The following morning I was up early, I had an earlier than usual plane to catch, I was a little concerned as I didn't feel 100% so unlike me I decided to skip breakfast and head off for a gentle stroll of about 20 minutes to the train station, it felt good to get some fresh air.  On arriving the direct train I had spotted on t'internet was delayed and nowhere near, so I was advised to get a train into Brighton where I had the chance of more trains to Gatwick. The train was full of commuters doing their daily trip to work, and due to signal failures and delays plus cancellations of other trains, the one I had to get was heaving.  I managed to squeeze in with my  cabin luggage and wedged myself in the corner by the door.  The doors shut and we were off, it was a short journey of possibly not much more than 10 minutes.
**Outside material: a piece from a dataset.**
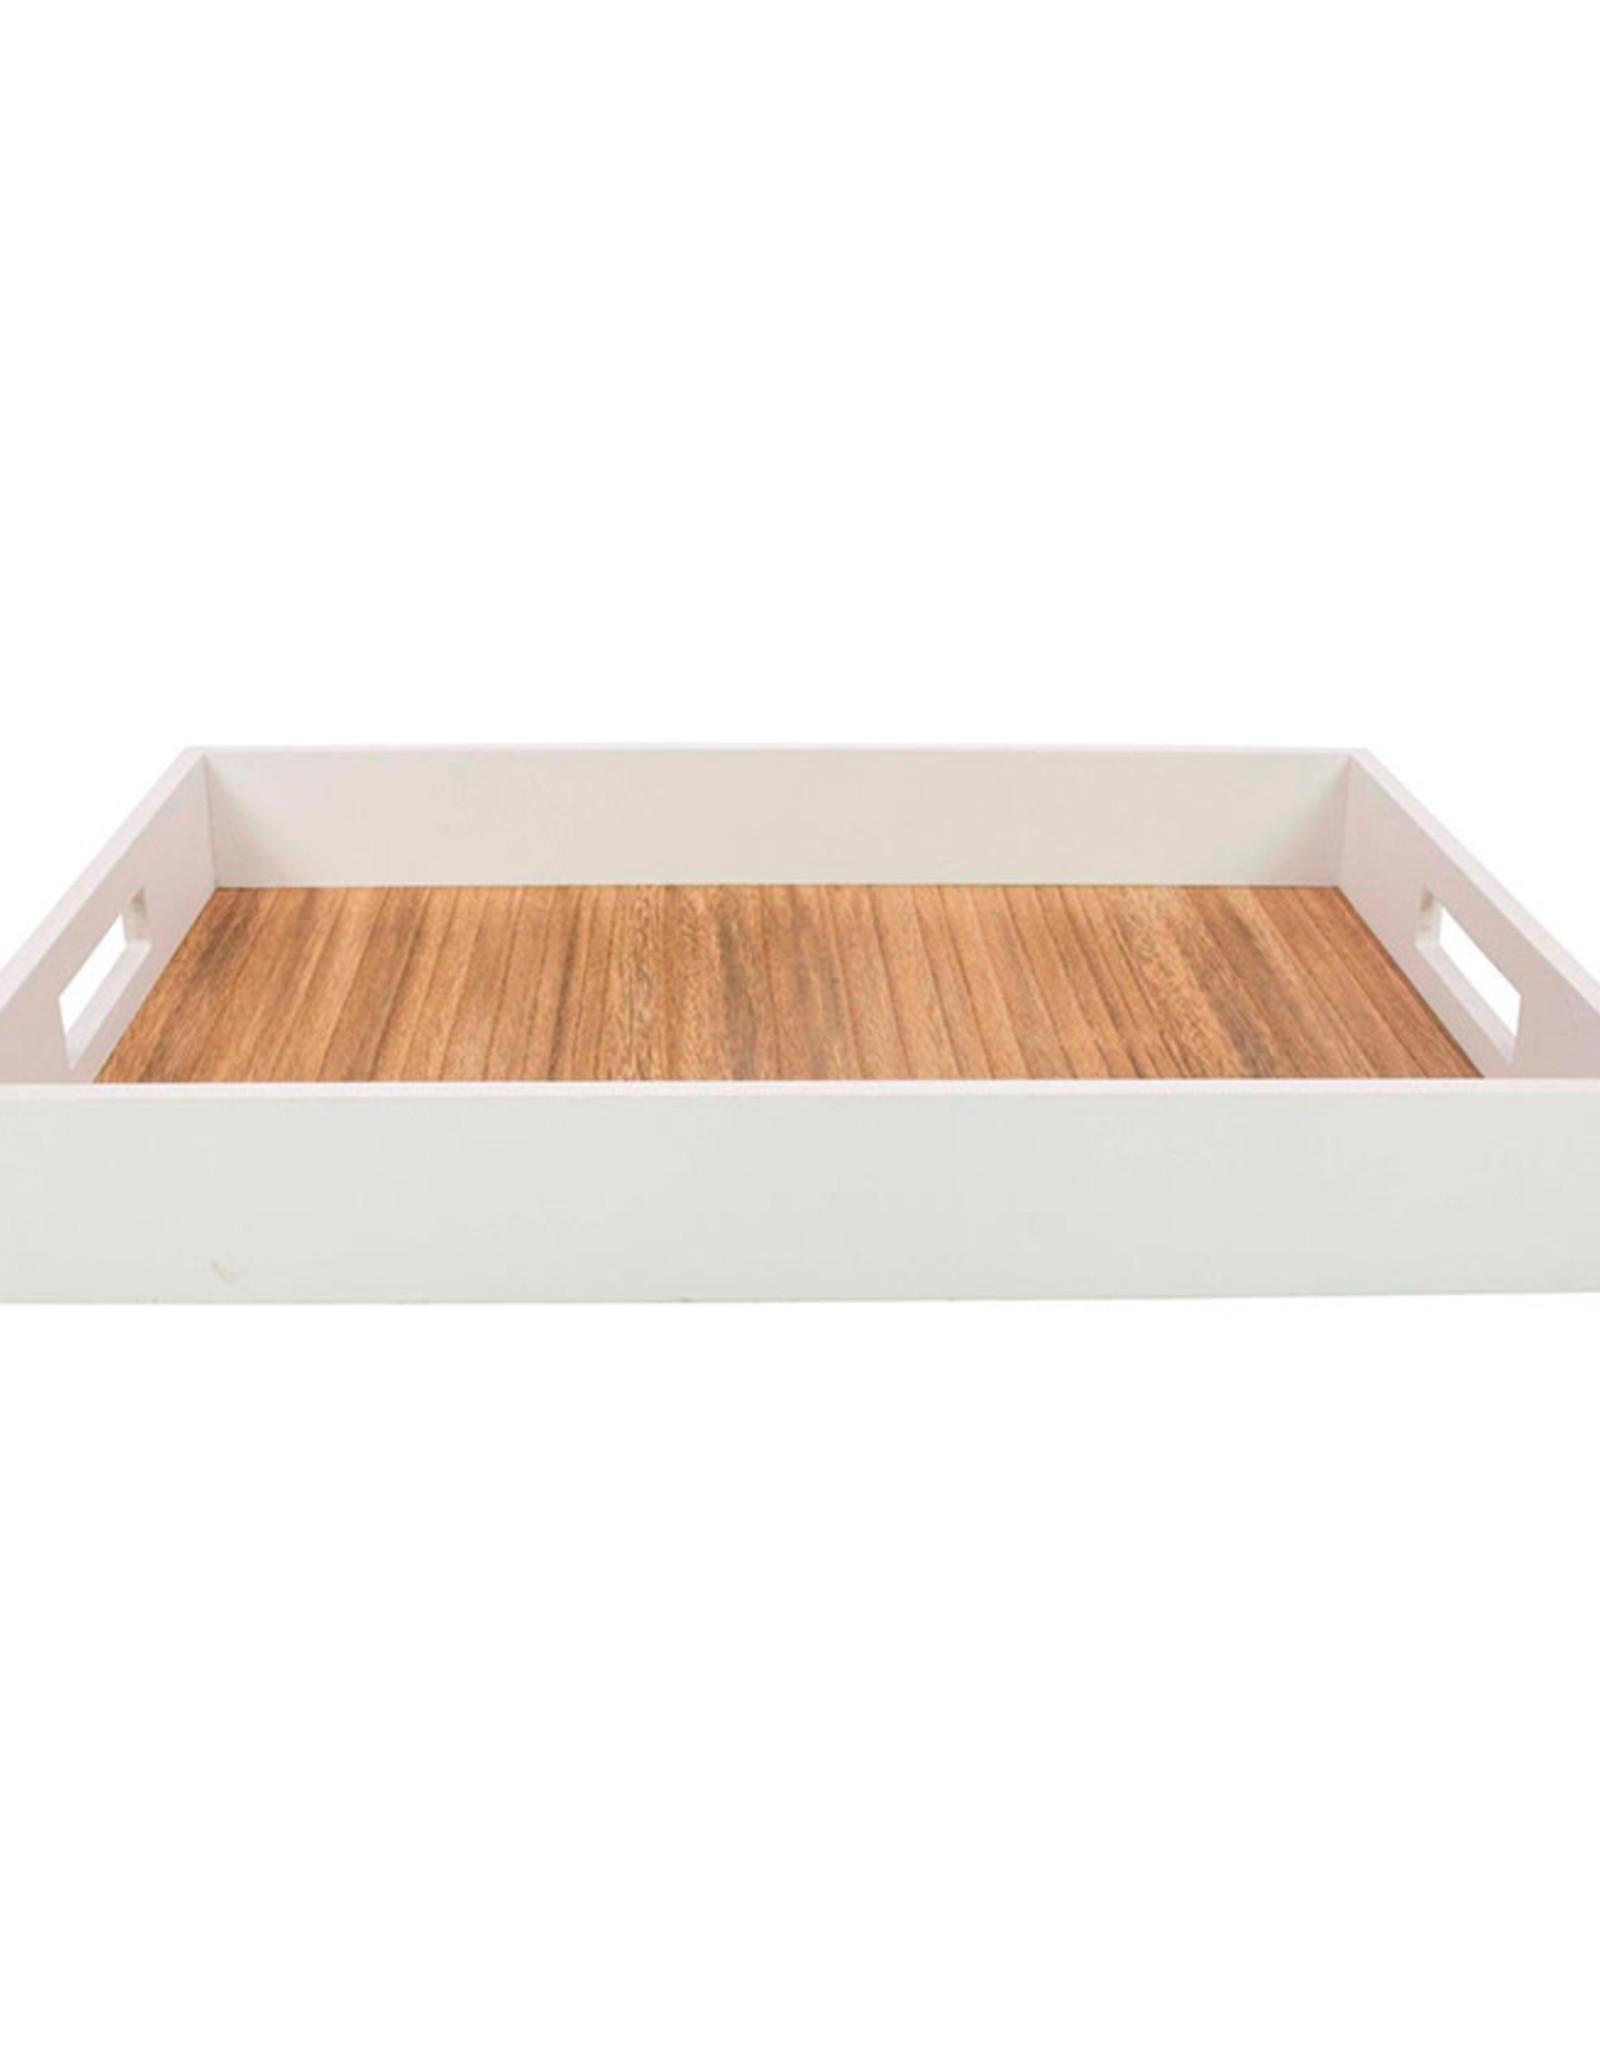 Dienblad Gusta 38x28cm-white/wood

As the journey began I started to feel extremely hot and uncomfortable.  I didn't have any room to take my coat off and there was definitely no where to sit apart from in the first class carriage  next to me. A few minutes later and I had that awful feeling that I was going to be sick.  What do you do in that situation as an adult? As a child you can get away with throwing up down your coat and everyone feels sorry for you, and even more so whoever has to clean you up, but I'm an adult, it wasn't an option!

I was getting hotter and feeling so sick, I was aware that I was breathing deeply, slowly in and out, hoping it would pass.  The next thing I knew, a very tall. smart gentleman was helping me up.  I had fainted. However, luckily the train was so crowded I didn't land on the floor, I simply slid down the wall. Being a typical Brit I remember apologising and confirming to everyone that I was fine, when seconds later I faintly heard some 'ooohs' and  'ahhhs' and I was being helped up again.  The kind, tall smart man insisted I sat in the first class  carriage, which was empty, for the rest of the journey.  We were in fact just pulling into Brighton station.  He told me to stay there as he wanted to get someone to check me over.

I did stay there, but only for a couple of minutes.  I was cold and clammy and felt pretty poorly, but I knew I would feel better when I got off the train and had some fresh air. I found the toilet and freshened up and splashed some water on my face and set off on what I hoped would be a much less eventful part of the journey.  Thankfully it was! I managed to get a seat but low and behold 10 minutes before we were due to  stop at Gatwick, the driver announced over the tannoy that a bird had hit his windscreen and smashed it, and he didn't feel it safe to continue the journey.  We stopped at the next station, and all had to change trains.  Finally I made in to Gatwick Airport.  The earlier flight however meant I had no time to spare and rushed to get myself a bottle of lucozade for the  flight.  I couldn't wait to land at Malaga and luckily Alan was going to be there to meet me this time, as he had brought friends down that were flying to Gatwick.  I had a young  couple beside me on the flight, so I leant against the window and hoped to sleep as much as possible.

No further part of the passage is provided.